From the album Southern Star (out today), “Patina” was written by Cobb’s wife Layne. He says: “All it took was the first line, the way she originally wrote it went ‘You got one hand on the wheel and one on my thigh. You got a way that makes my heart feel like it’s flyin…’ and it pulled me right out of my head and back down to earth.”


Dori Freeman – “Do You Recall”  

“Do You Recall” acts as the title track to Dori Freeman’s upcoming release (out November 17).  Dori shares, “I grew up in a family that played a lot of traditional music, but my dad played a lot of other types of music for me, too. I’d go to fiddler’s conventions, but I’d also watch my dad play jazz, swing, country, and rock & roll. He was a big fan of singer-songwriters. I think that variety has a lot to do with the way my own songwriting has developed.”

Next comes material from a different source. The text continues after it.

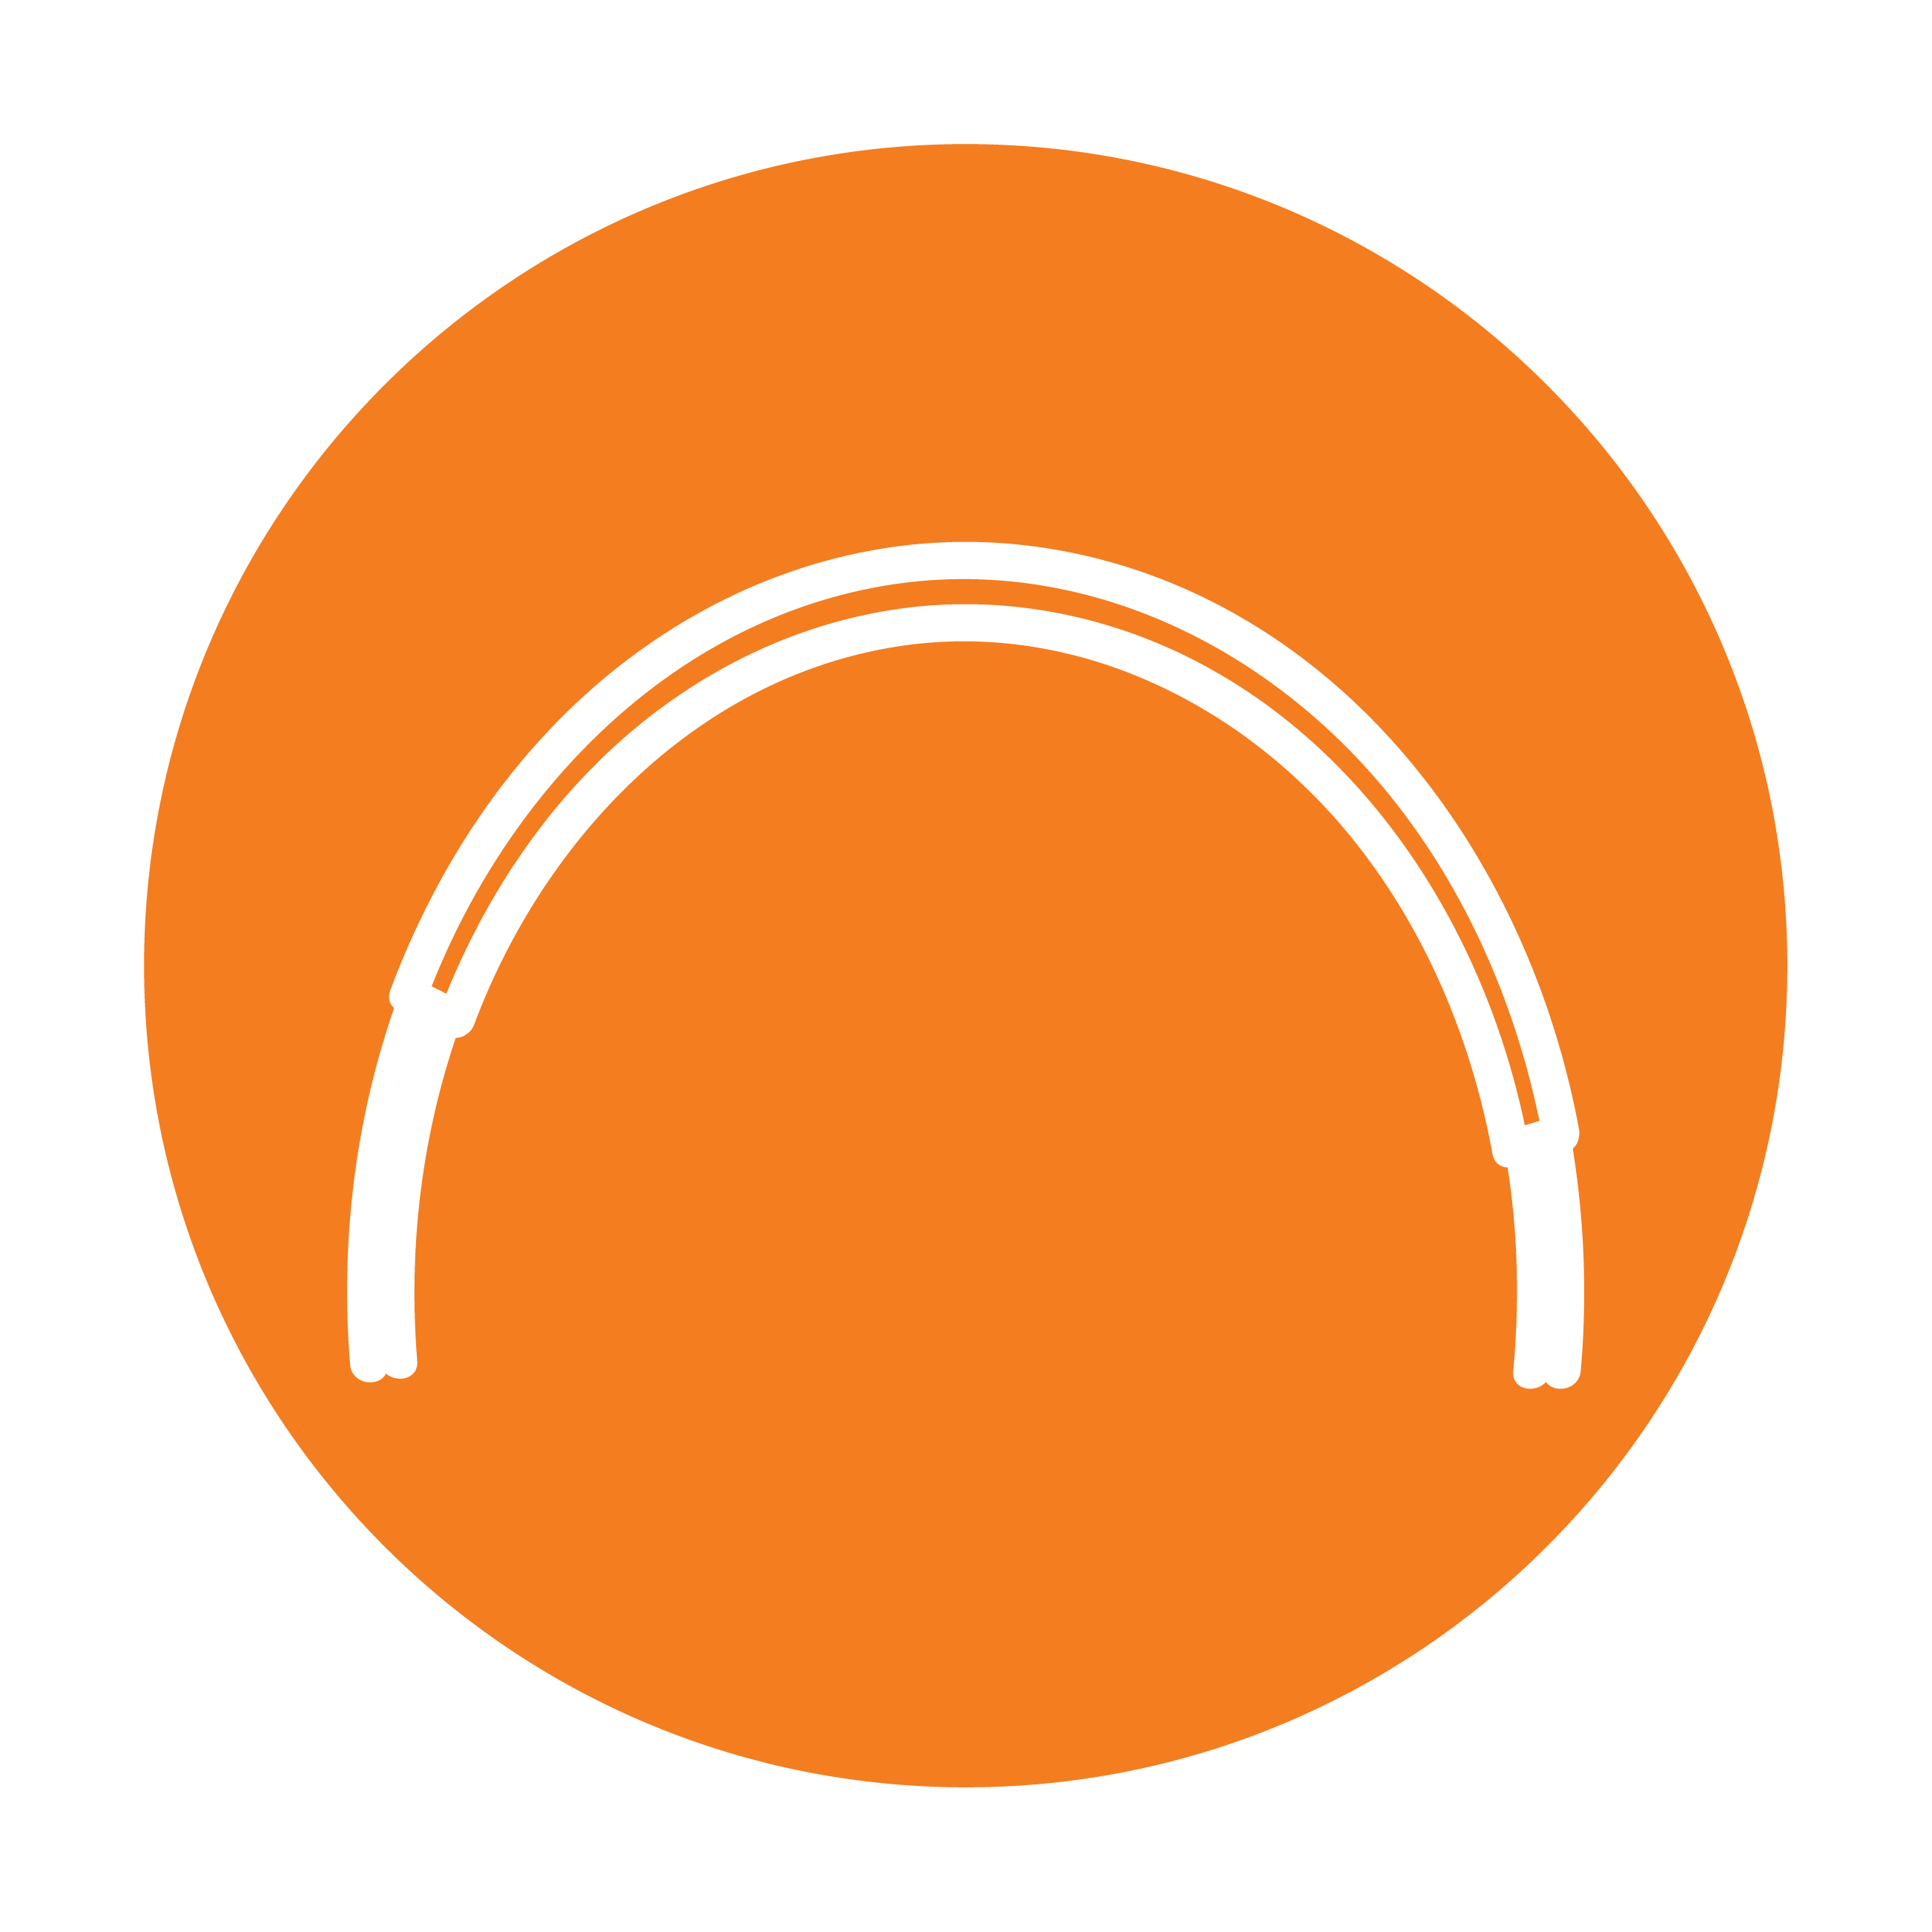 Esbit Icon in Orange zeigt den Klappgriff vom Wasserkessel aus hartanodisiertem Aluminium als Piktogramm.
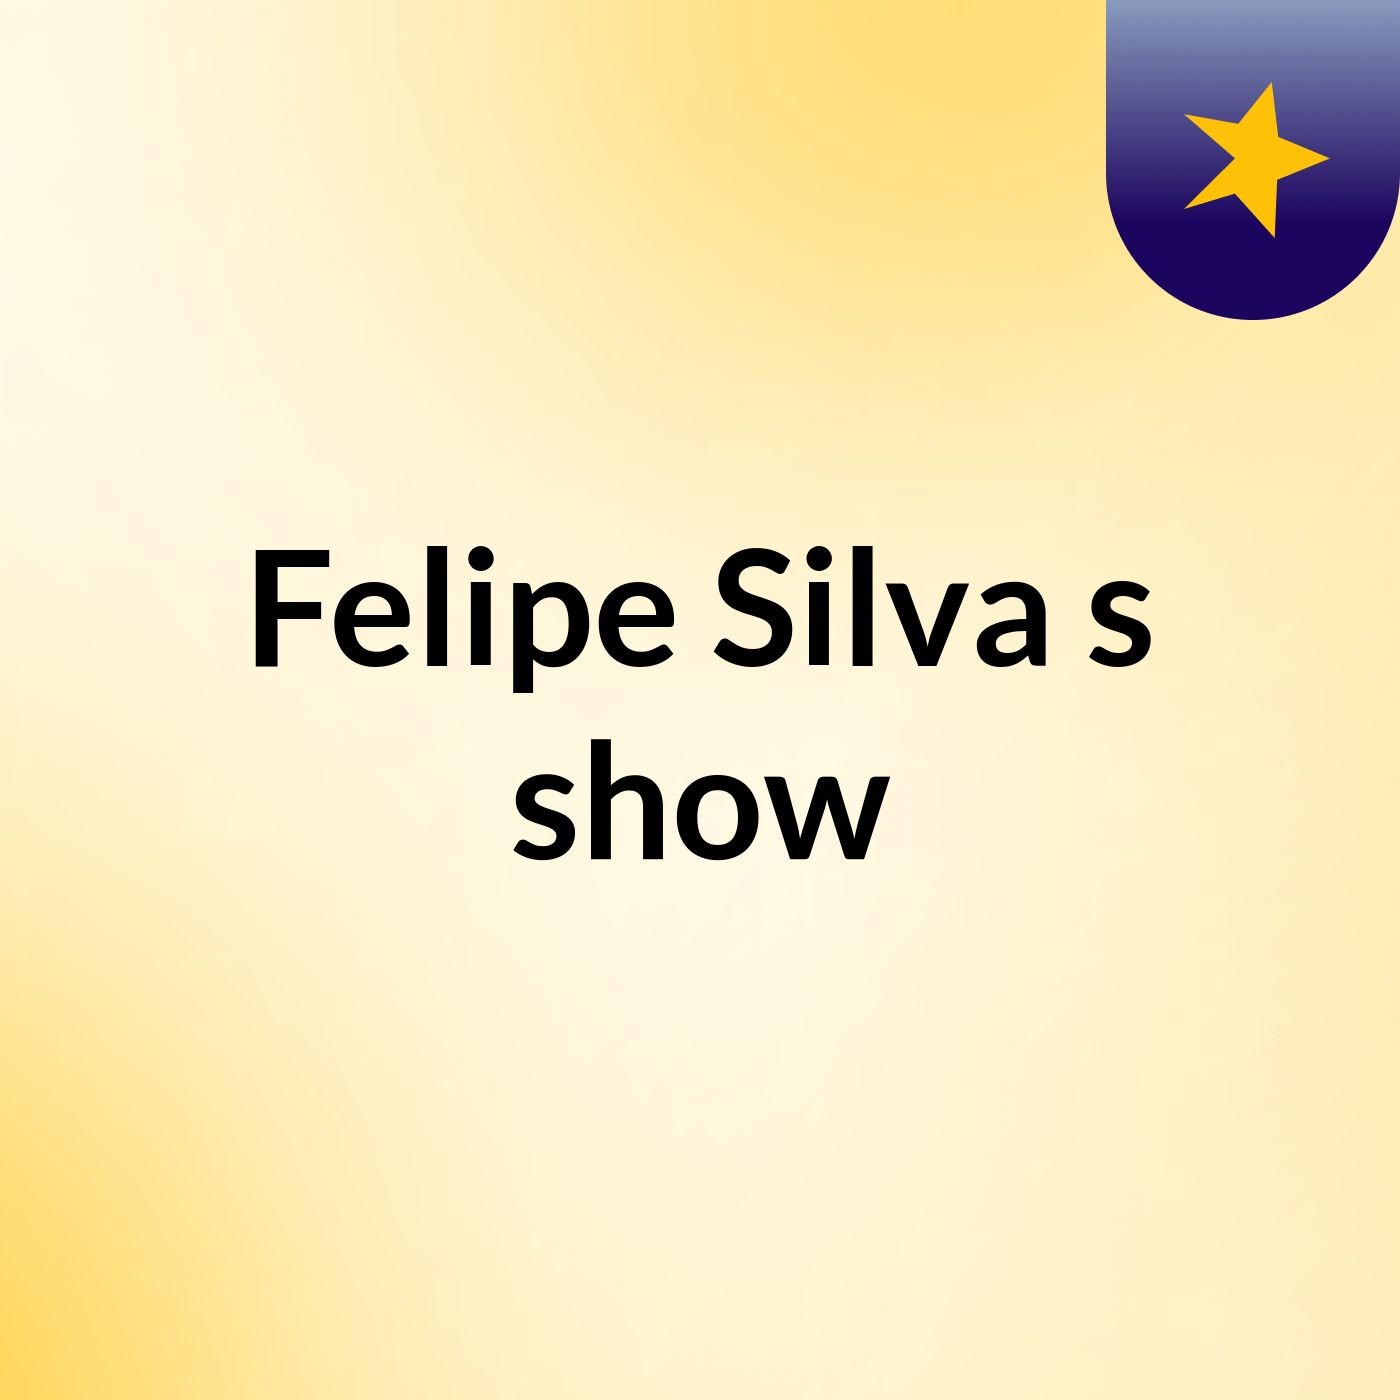 Felipe Silva's show

Kishi Bashi – “Red, White, and Blue” 

Kishi Bashi’s new release Music from the Song Film: Omoiyari (out November 17) is the companion soundtrack to the forthcoming A Song Film By Kishi Bashi: “Omoiyari” documentary co-directed by Ishibashi and Justin Taylor Smith. The film focuses on Ishibashi’s own six-year journey of discovery surrounding his research of the incarceration of 120,000 Japanese Americans that followed the Japanese attack on Pearl Harbor in 1941.


Antje Duvekot – “Girl on a Wire” 

German-born, Boston-based Antje Duvekot is back with the best album of her career. Fiercely confronting trauma, “Girl on a Wire” acts as the album’s centerpiece, held warmly in producer Mark Erelli’s tasteful style.